Eagle Mountain homeowners ask city hall for help with sinking driveways
May 30, 2023, 6:43 PM | Updated: 7:46 pm
EAGLE MOUNTAIN, Utah — A group of Eagle Mountain homeowners went to city officials on Tuesday to voice concerns and ask for help with sinking walkways and driveways on their new homes.
“We started noticing settling around our driveway. It was probably around nine inches.
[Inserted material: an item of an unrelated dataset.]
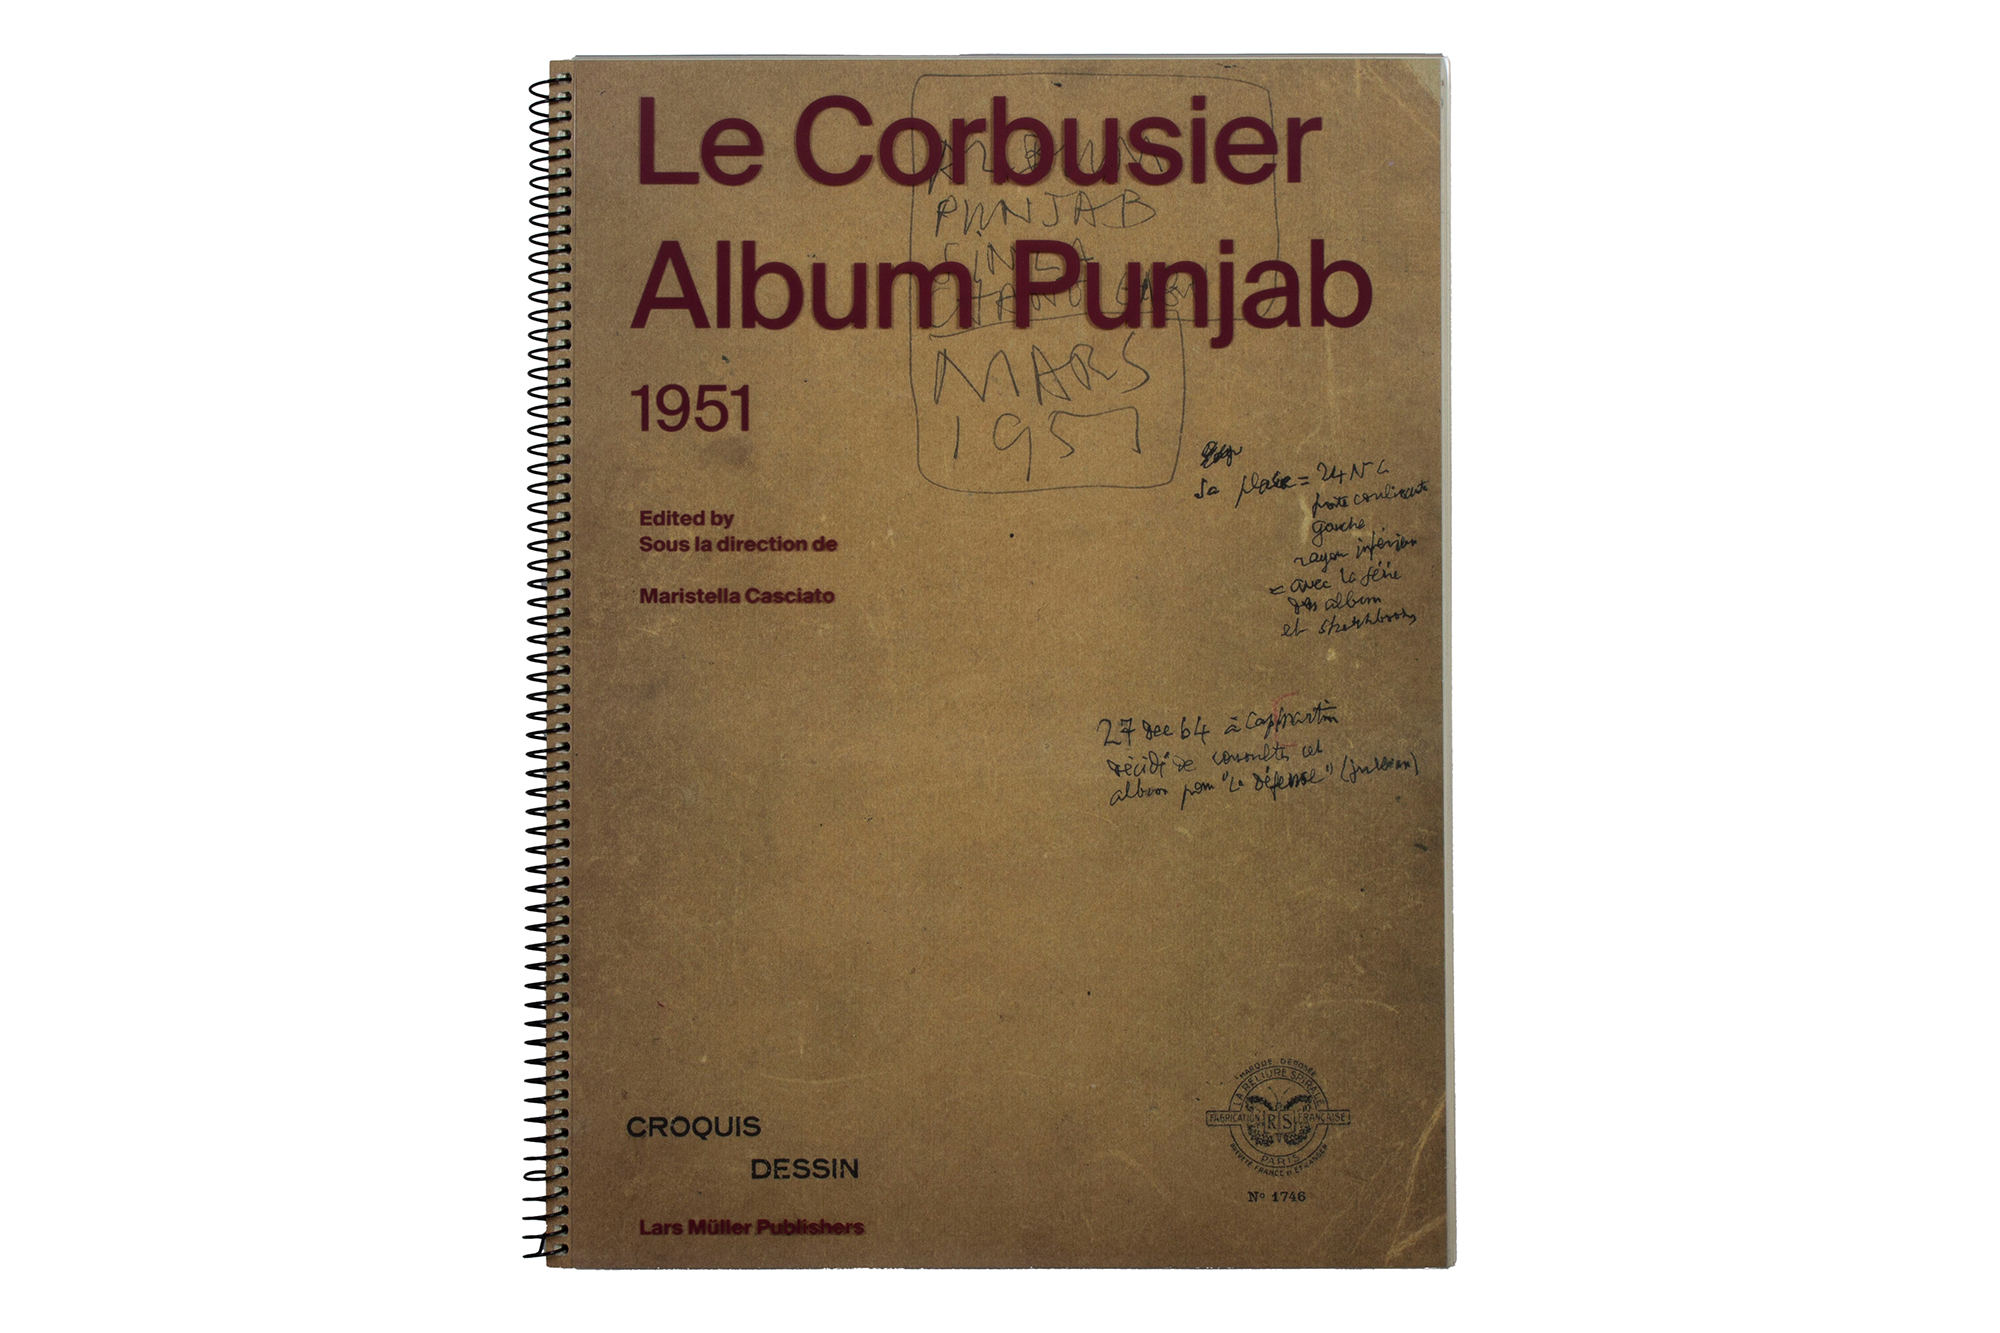 Spiralgebundenes Notizbuch von Le Corbusier in einer Faksimile-Ausgabe.

You could see through the bottom of our driveway, like light,” explained homeowner Robert Cowles.
Cowles said he noticed the issues with his driveway about four weeks after moving into his home in the New Park community.
“Just a year later, it kept settling and kept cracking,” he said. “The first time, it hadn’t collapsed, which is why they just filled it.”
More than a dozen residents joined the hour-long meeting either online or in person with the mayor, city engineer, city attorney, and deputy city administrator.
“We have a lot of large pieces of concrete chipping away, large cracking, pieces falling off,” said homeowner Kalleen Pratt. “We’re not having any support system under our concrete because the ground has sunken away.”
There were three builders in the New Park development, but the homeowners told city officials that most of the concrete issues are with the approximately 40 homes built by Bach Homes.
The homeowners said the dirt below their driveways was not correctly compacted.
The city promises to help where it can and announced a meeting planned for Wednesday with the developer, Bach Homes, and city officials.
“Given that we are a super-high-growth community out here in Utah County, we want to make sure that residents are being heard, especially with some of these new developments,” said Tyler Maffitt, Eagle Mountain’s communications manager. “Take their concerns to the builder and make sure that the builder is really hearing those concerns.”
Bach Homes told KSL that they’ve worked with experts to devise a solution of pumping foam under the driveways.
“We’ve been working on it for months because we wanted to do it correctly,” said Brandon Ames, Vice President of Construction with Bach Homes.
Ames said crews are working as hard as possible to move through the subdivision and fix all the driveways. He said they would be working with each homeowner individually.
However, Cowles and Pratt worry the foam lifting is a temporary fix and that they’ll be stuck spending thousands of dollars later on to replace their driveways.